Celgene, headquartered in Summit, N.J., and Seattle-based Juno Therapeutics have formed a global collaboration for the development and commercialization of immunotherapies. The two companies will leverage T cell therapeutic strategies to develop treatments for patients with cancer and autoimmune diseases with an initial focus on Chimeric Antigen Receptor Technology (CAR-T) and T Cell Receptor (TCR) technologies.
Celgene has the option to be the commercialization partner for Juno's oncology and cell therapy auto-immune product candidates, including Juno's CD19 and CD22 directed CAR-T product candidates. B-Cell Maturation Antigen (BCMA) is excluded as a target in this collaboration.
For Juno-originated programs co-developed under the collaboration, Juno will be responsible for R&D in North America and will retain commercialization rights in those territories; Celgene will be responsible for development and commercialization in the rest of the world, and will pay Juno a royalty on sales in those territories; and Celgene has certain co-promotion options. Celgene will initially be eligible to select two programs, excluding CD19 and CD22, to be subject to a global profit sharing agreement under which the companies will share worldwide expenses and profits equally, except in China and, subject to additional obligations, Celgene may select a third program.
Juno will have the option to enter into a co-development and co-commercialization agreement on certain Celgene-originated development candidates that target T Cells.
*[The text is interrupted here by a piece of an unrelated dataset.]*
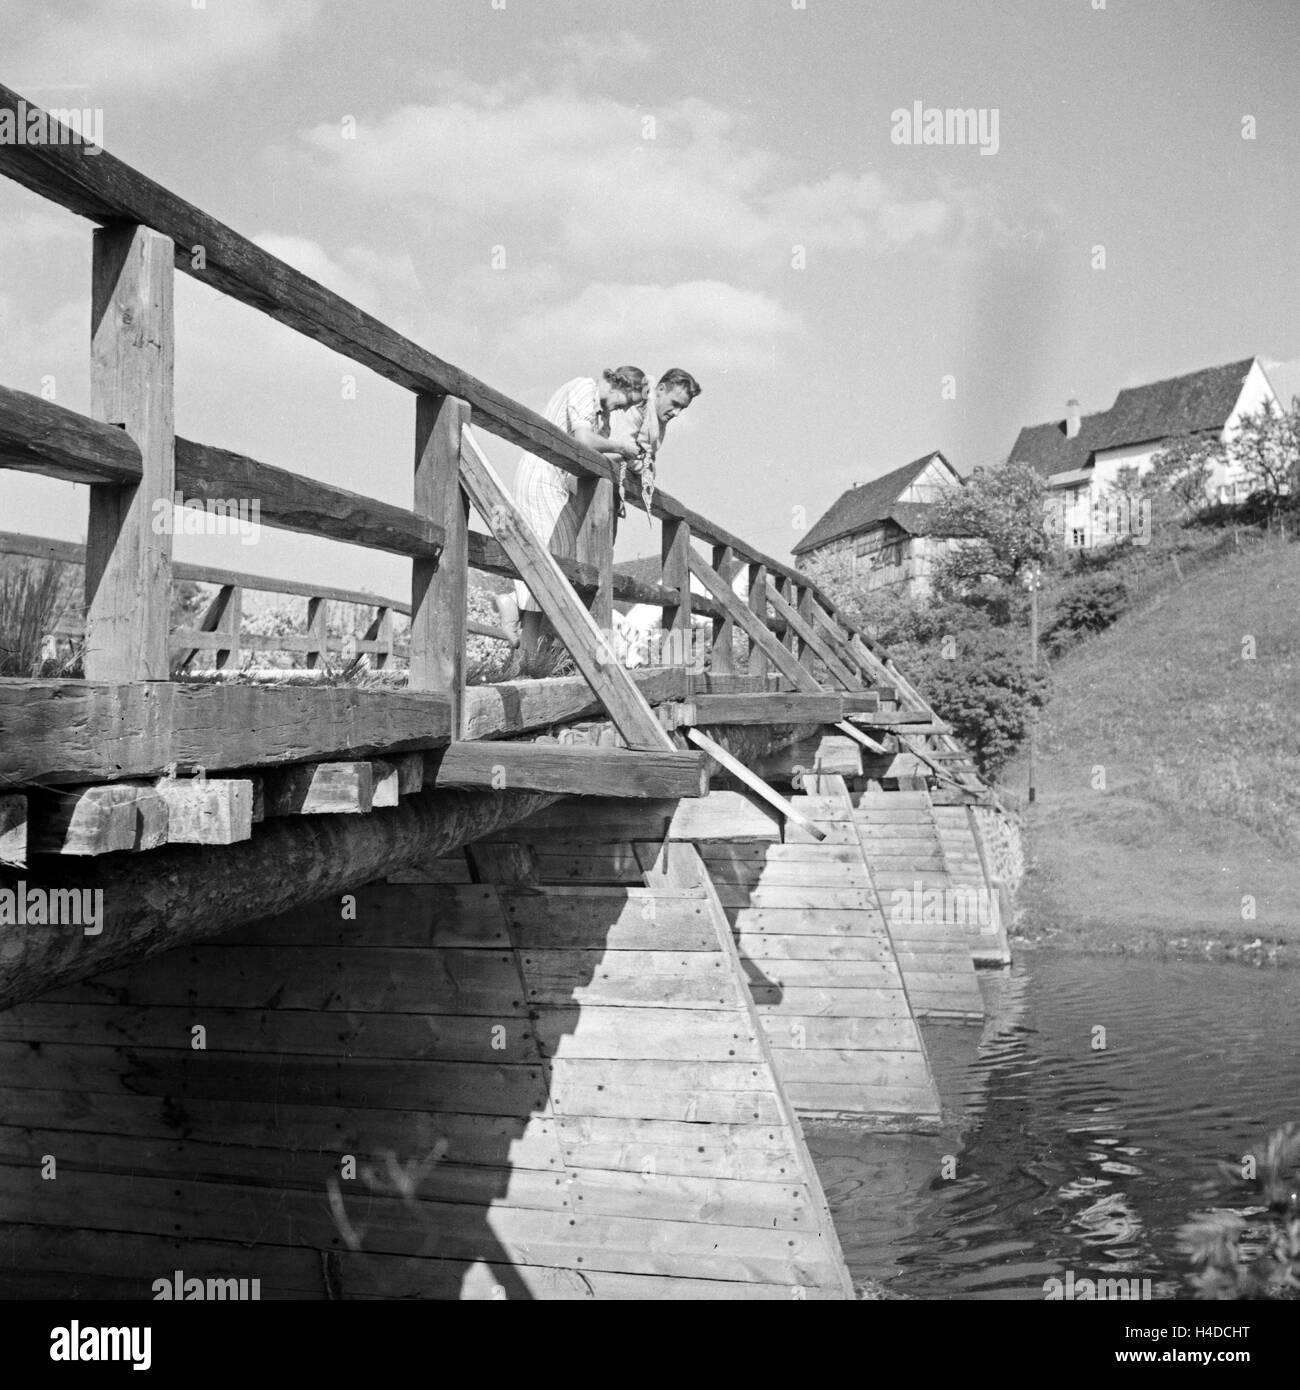 Auf der Brücke Nach GUtenstein Bei Sigmaringen, Deutschland 1930er Jahre. Auf der Brücke zu Gutenstein Stockbild
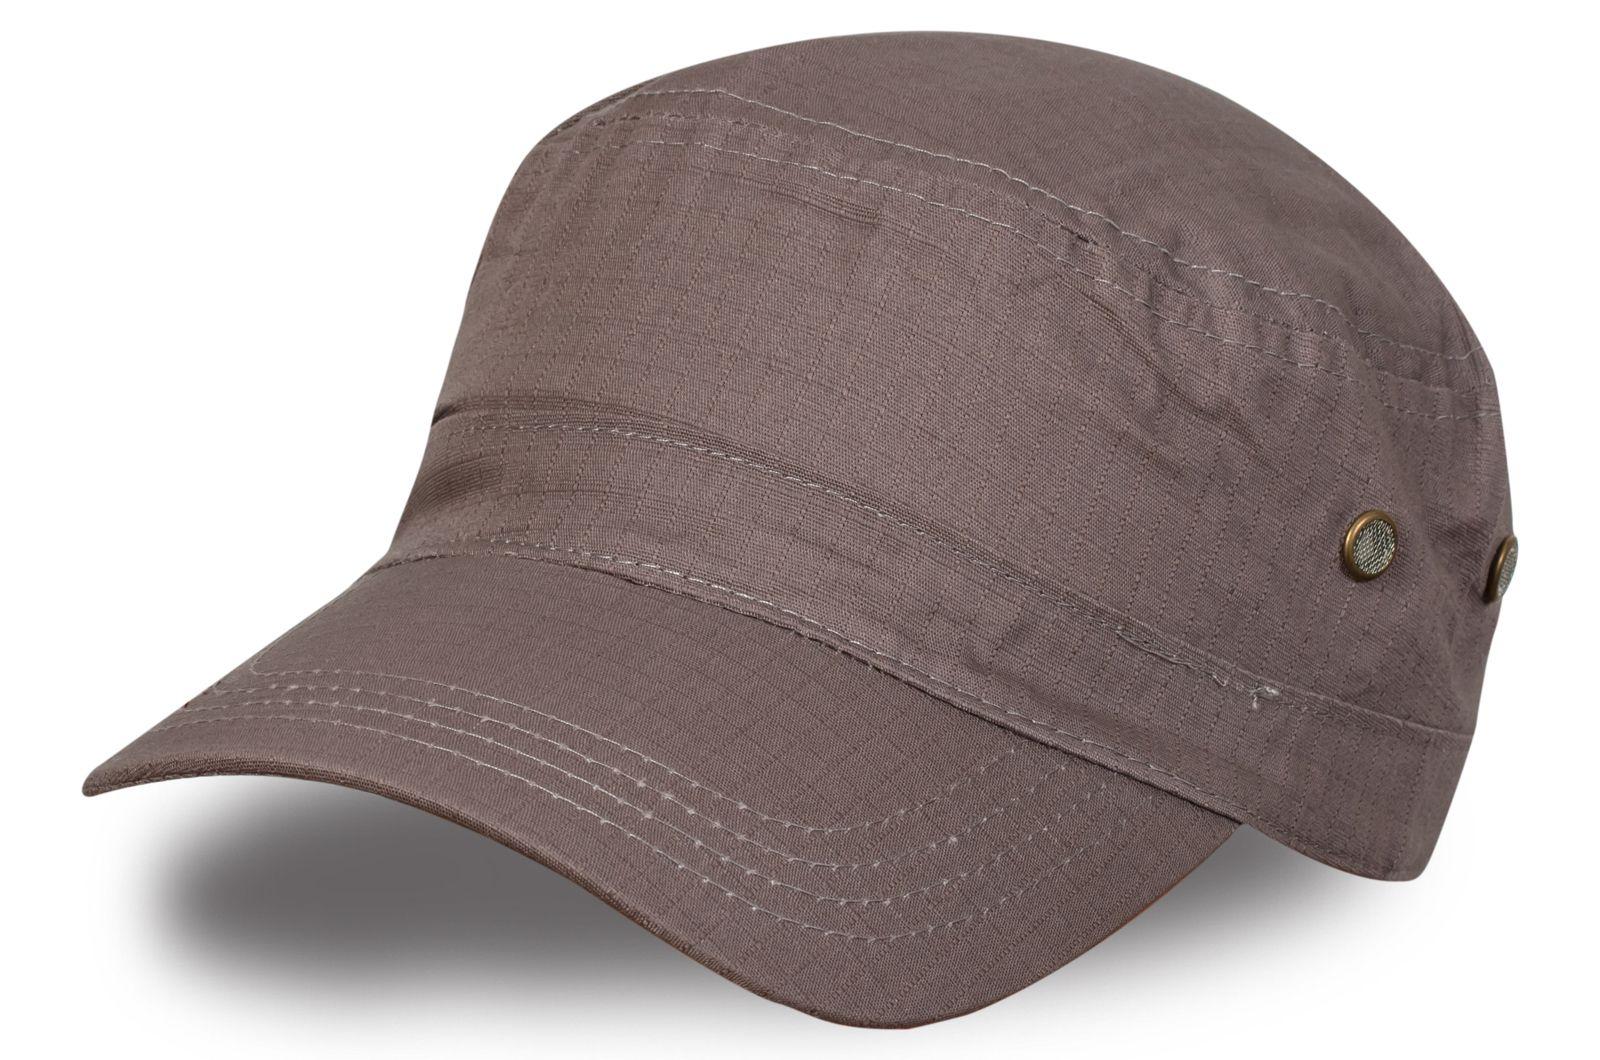 Серо-коричневая кепка-немка - заказать по лучшей цене

For any such Celgene-originated programs co-developed under the collaboration, the companies will share global costs and profits with 70% allocated to Celgene and 30% allocated to Juno, and Celgene will lead global development and commercialization, subject to a Juno co-promote option in the U.S. and certain E.U. territories.
Juno will receive an upfront payment of approximately $150 million, and in addition, Celgene will purchase 9,137,672 shares of Juno's common stock at $93.00 per share. During the 10-year term of the collaboration, Celgene will have the right to purchase additional equity in Juno during specified windows and at specified market premiums subject to satisfaction of certain conditions by each party including Juno opting in on select Celgene programs, such that, at a maximum, Celgene could own up to 30% of Juno's common stock then outstanding. Celgene has entered into a standstill agreement and agreed to certain lock-up provisions on its share ownership.
Celgene will receive the right to nominate a member to Juno's board of directors.
This transaction has been approved by the boards of directors of both companies. Celgene and Juno currently expect to complete the transaction during the third quarter of 2015, subject to the expiration or termination of applicable waiting periods under all applicable antitrust laws and satisfaction of other usual and customary closing conditions.